--- Raw data ---

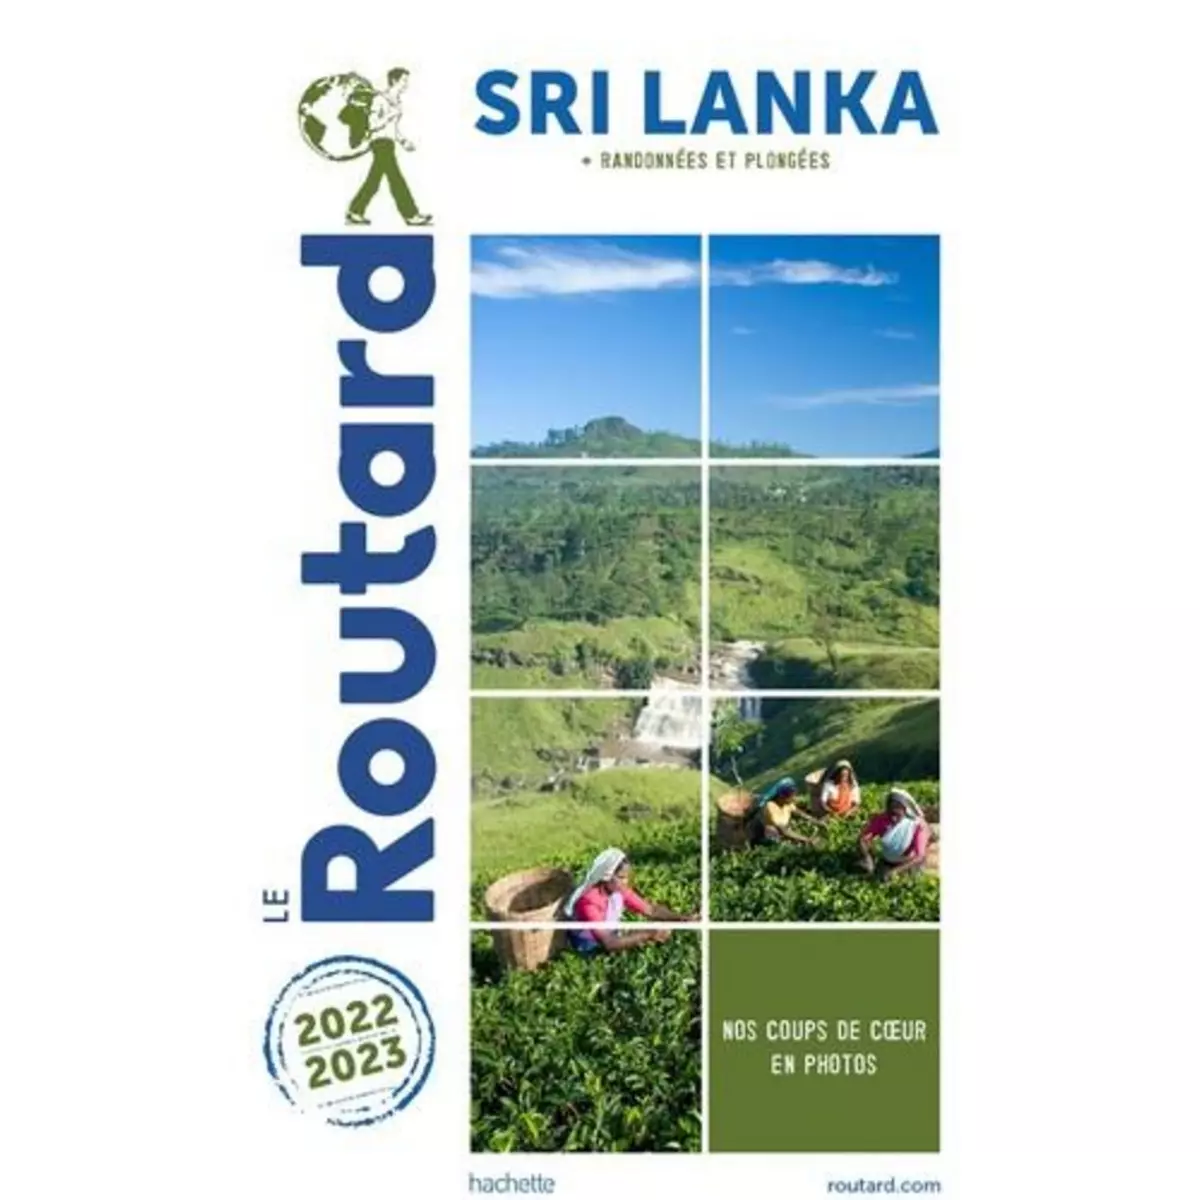  SRI LANKA + RANDONNEES ET PLONGEES. EDITION 2022-2023, Le Routard
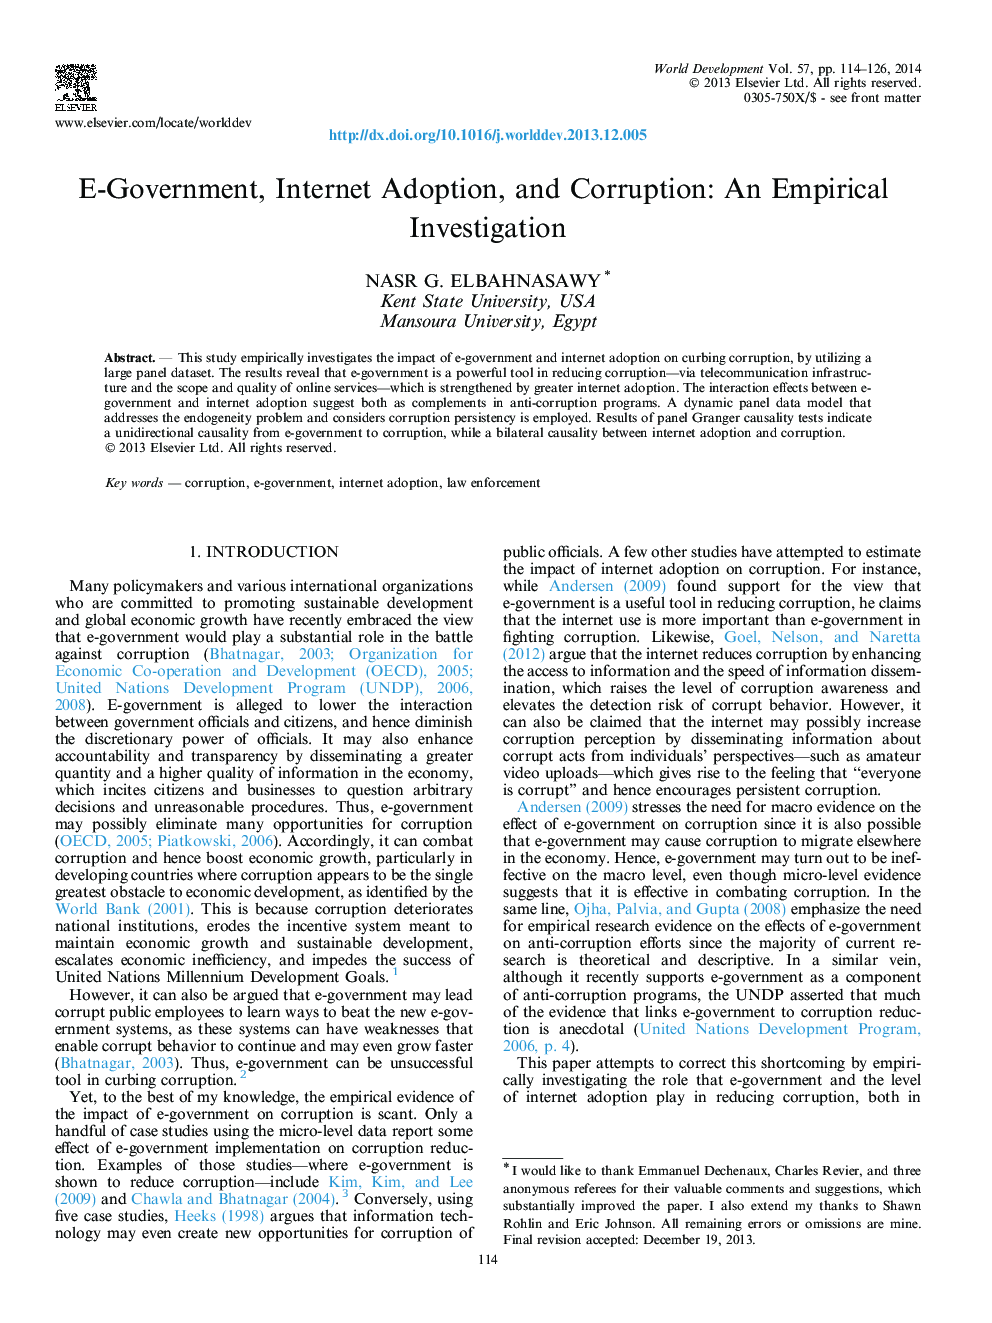 دولت الکترونیکی، پذیرش اینترنتی و فساد: تحقیقات تجربی 
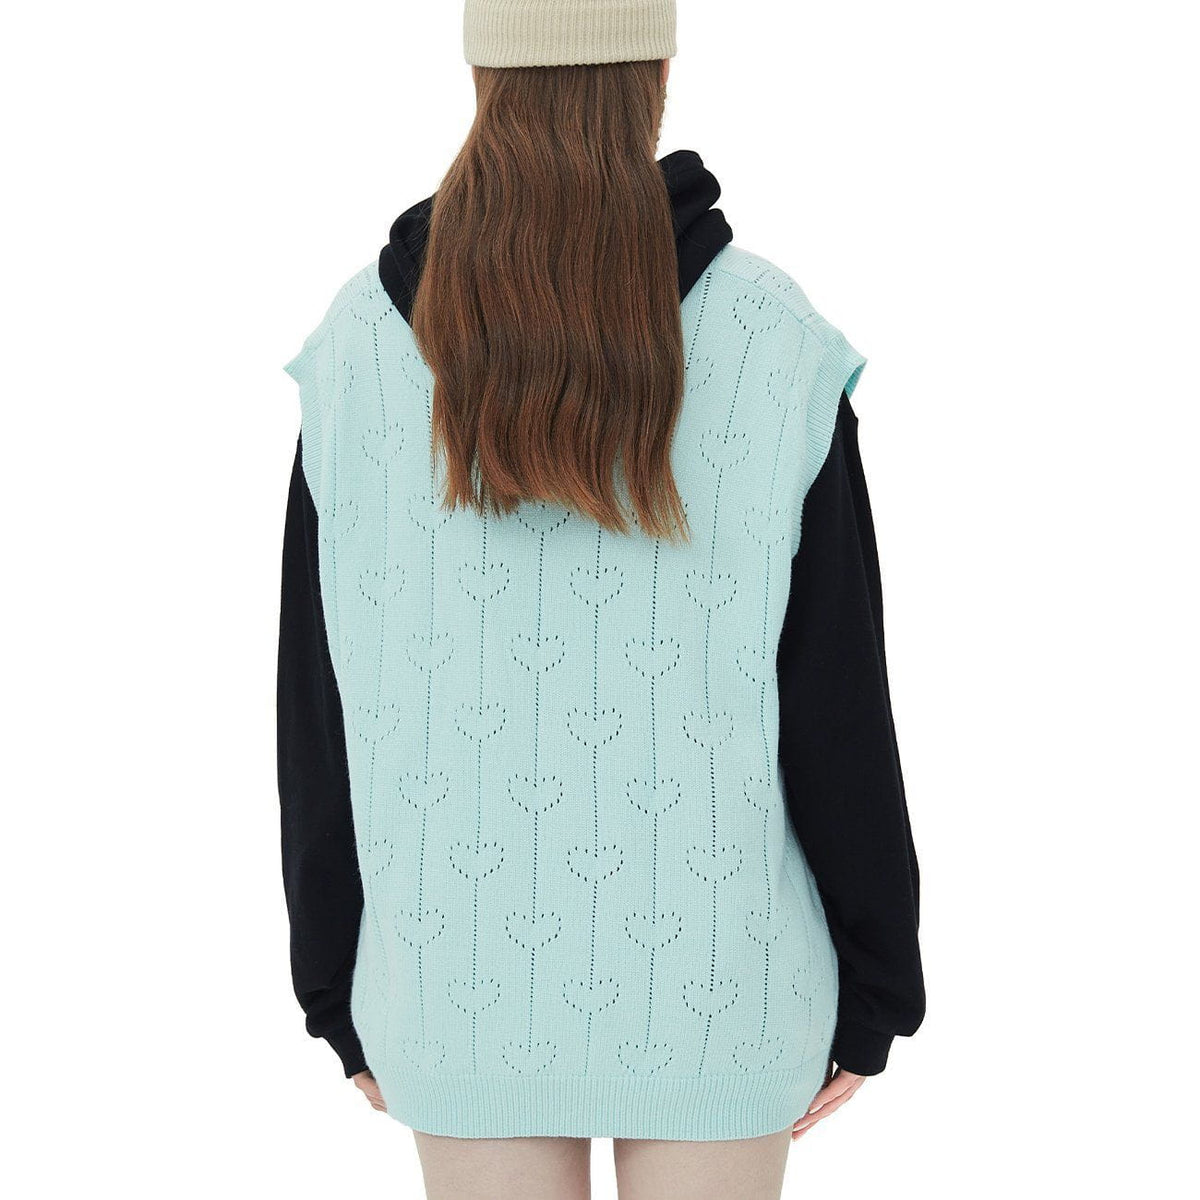 Eprezzy® - Hollow Love Sweater Vest Streetwear Fashion - eprezzy.com
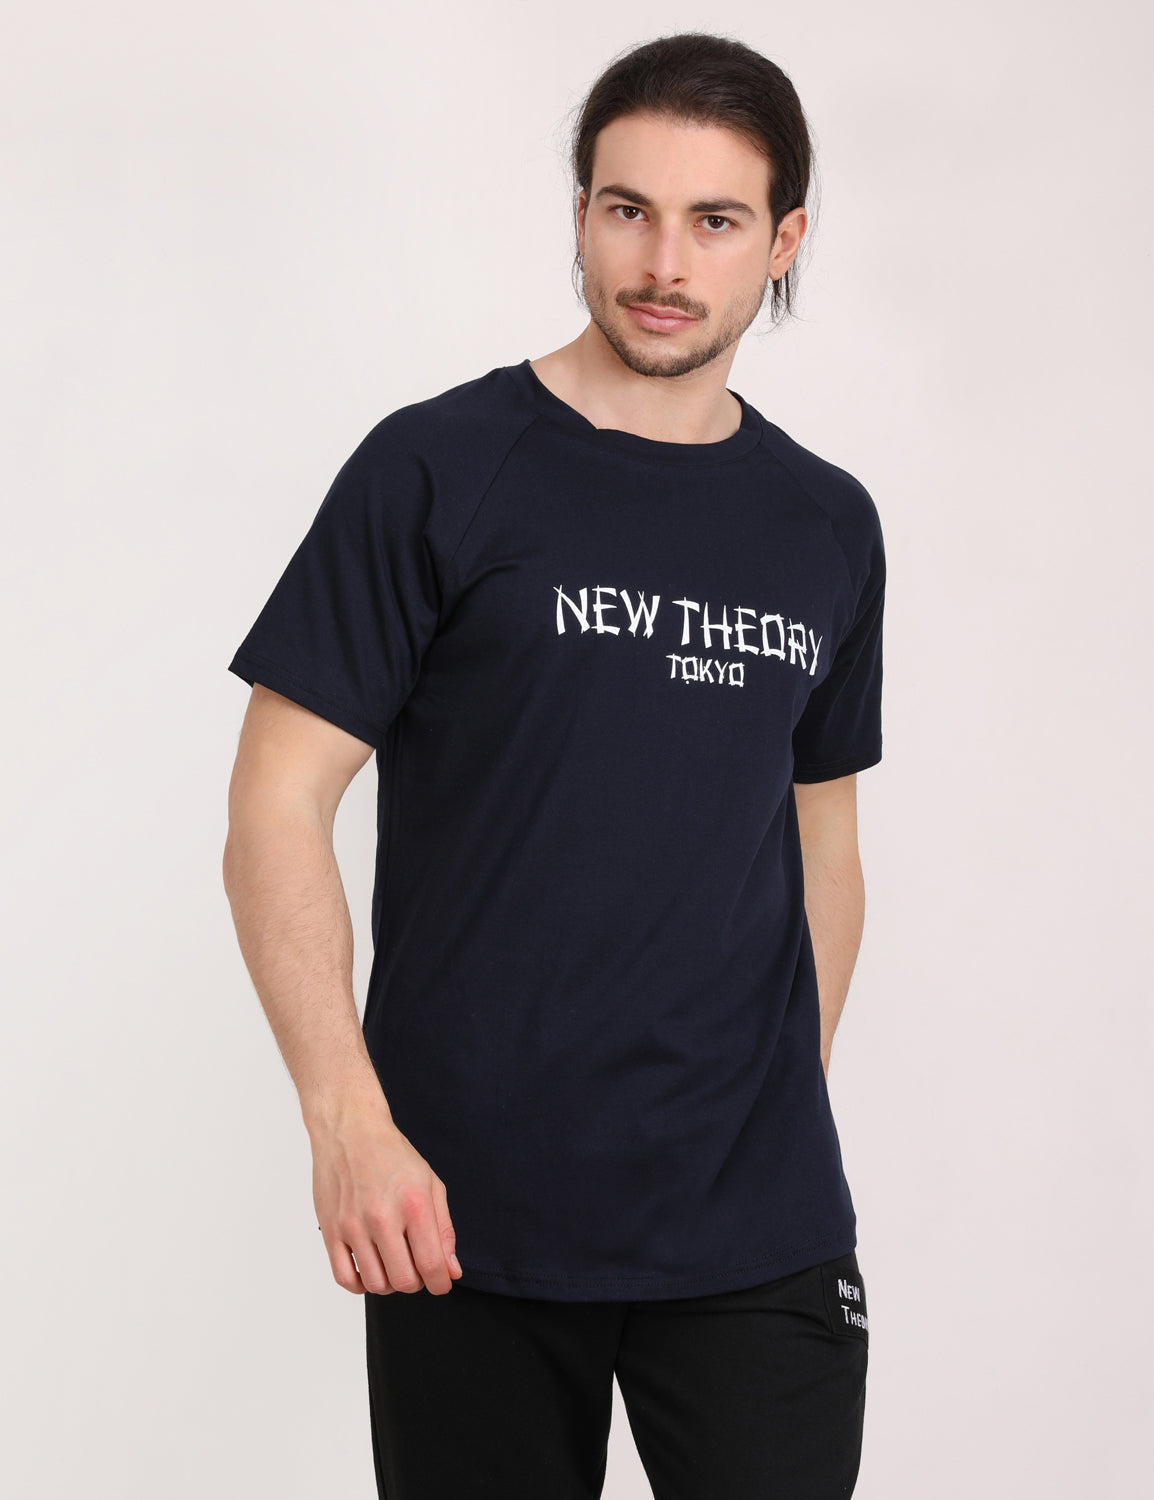 New Theory Tokyo Printed T-shirt
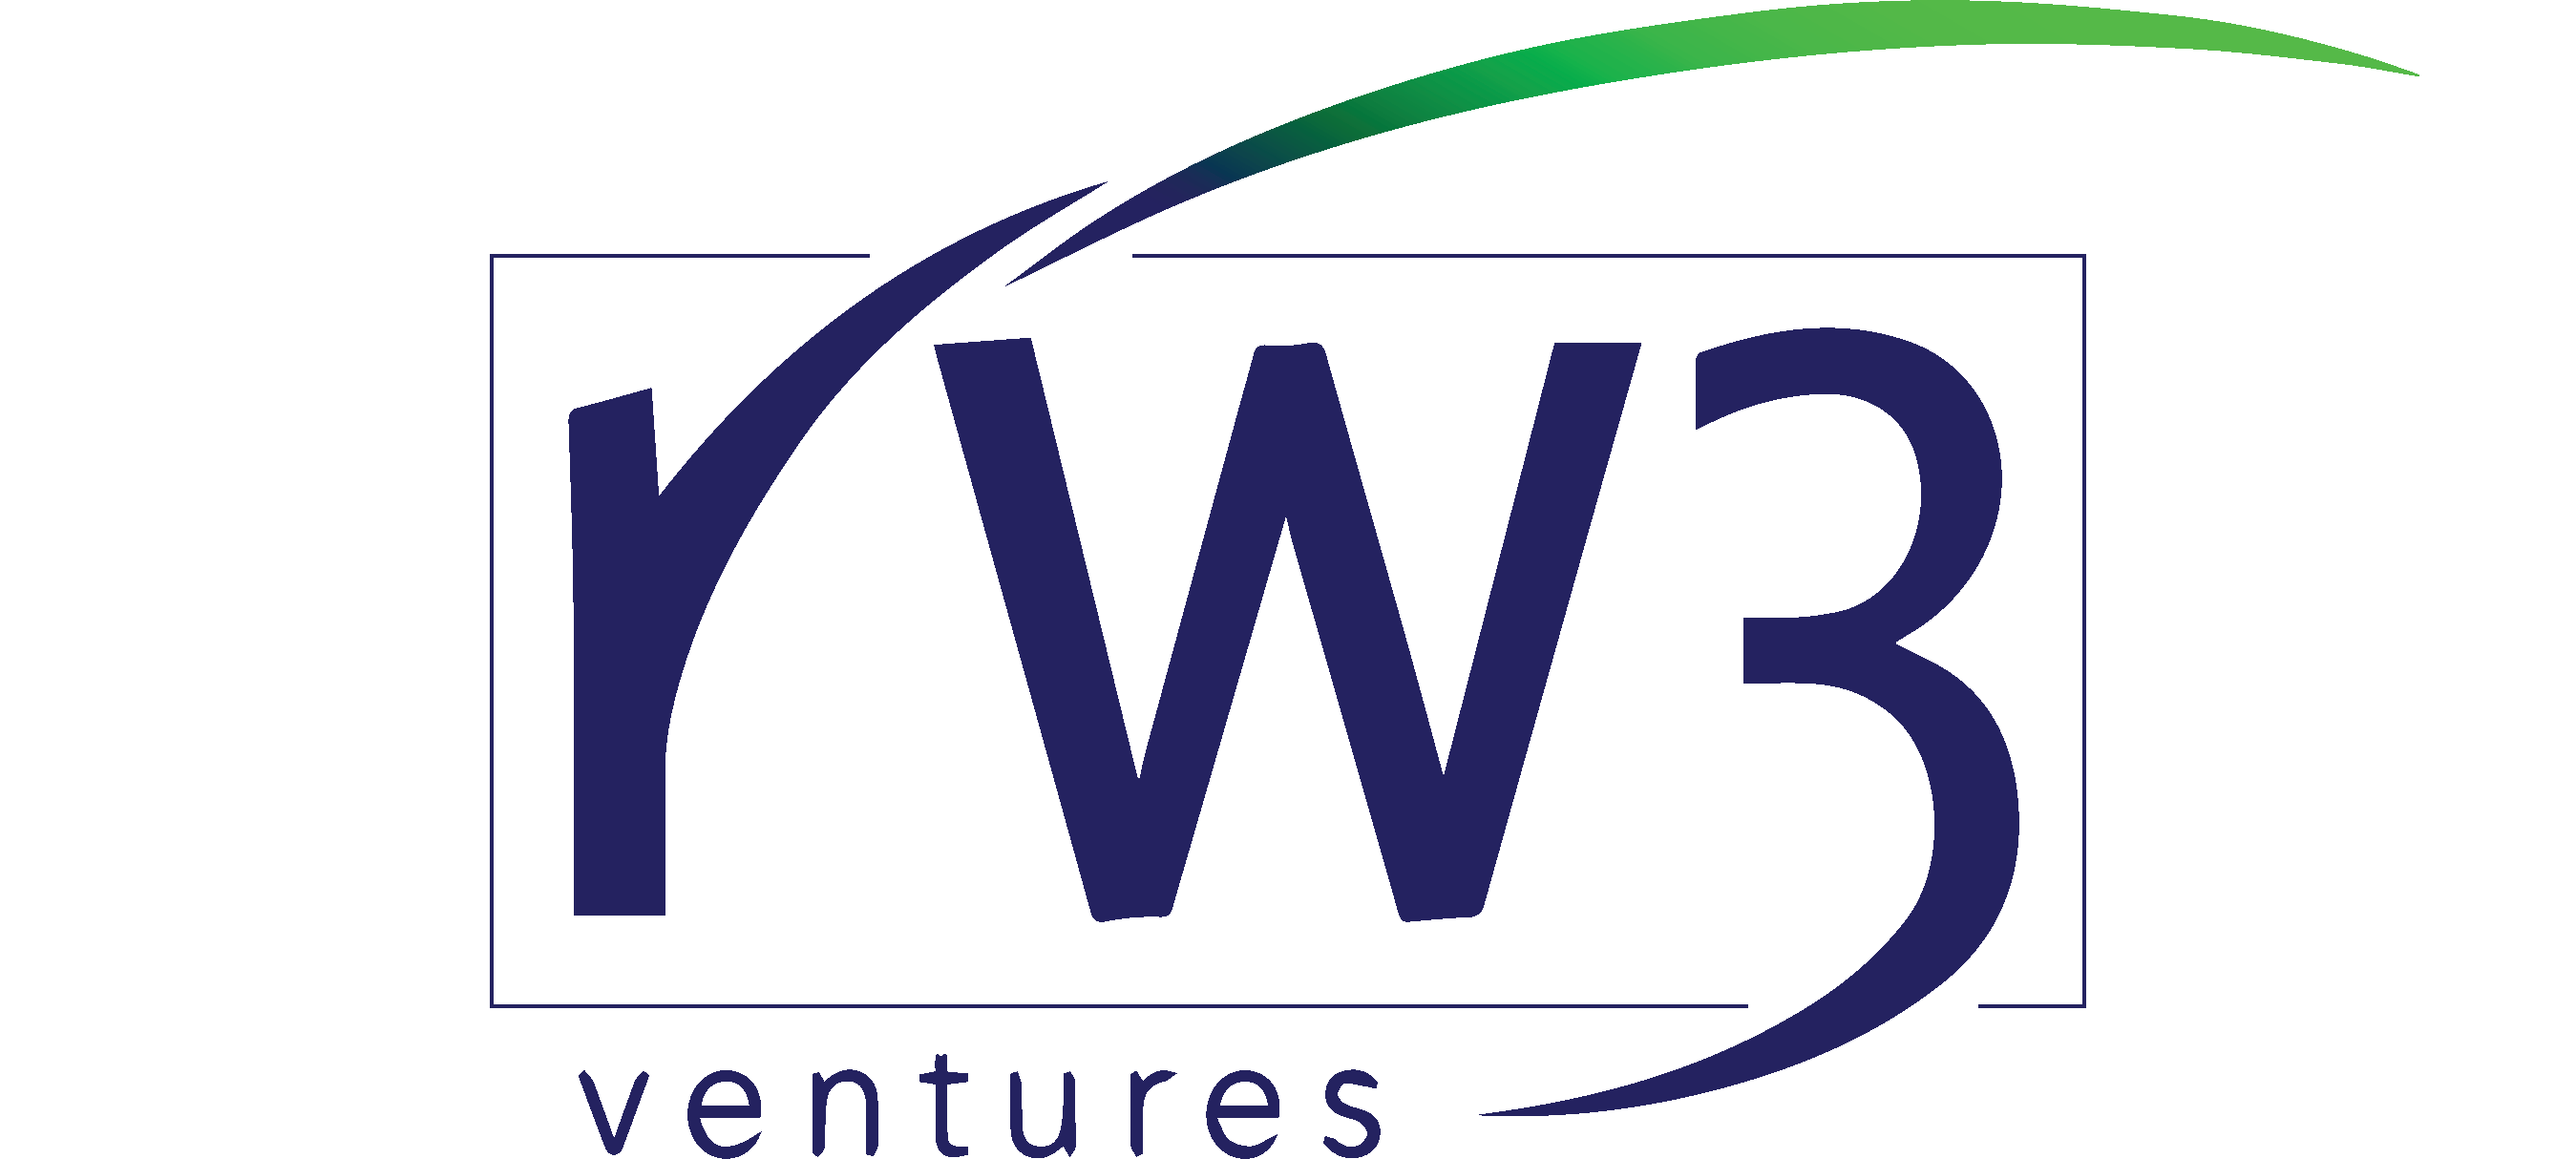 RW3 Ventures

---

## Action item:
From the first line to the last, write out the data exactly, omitting any pictures.

## Output for this task:
  SRI LANKA + RANDONNEES ET PLONGEES. EDITION 2022-2023, Le Routard
 دولت الکترونیکی، پذیرش اینترنتی و فساد: تحقیقات تجربی 
 Eprezzy® - Hollow Love Sweater Vest Streetwear Fashion - eprezzy.com
 New Theory Tokyo Printed T-shirt
 RW3 Ventures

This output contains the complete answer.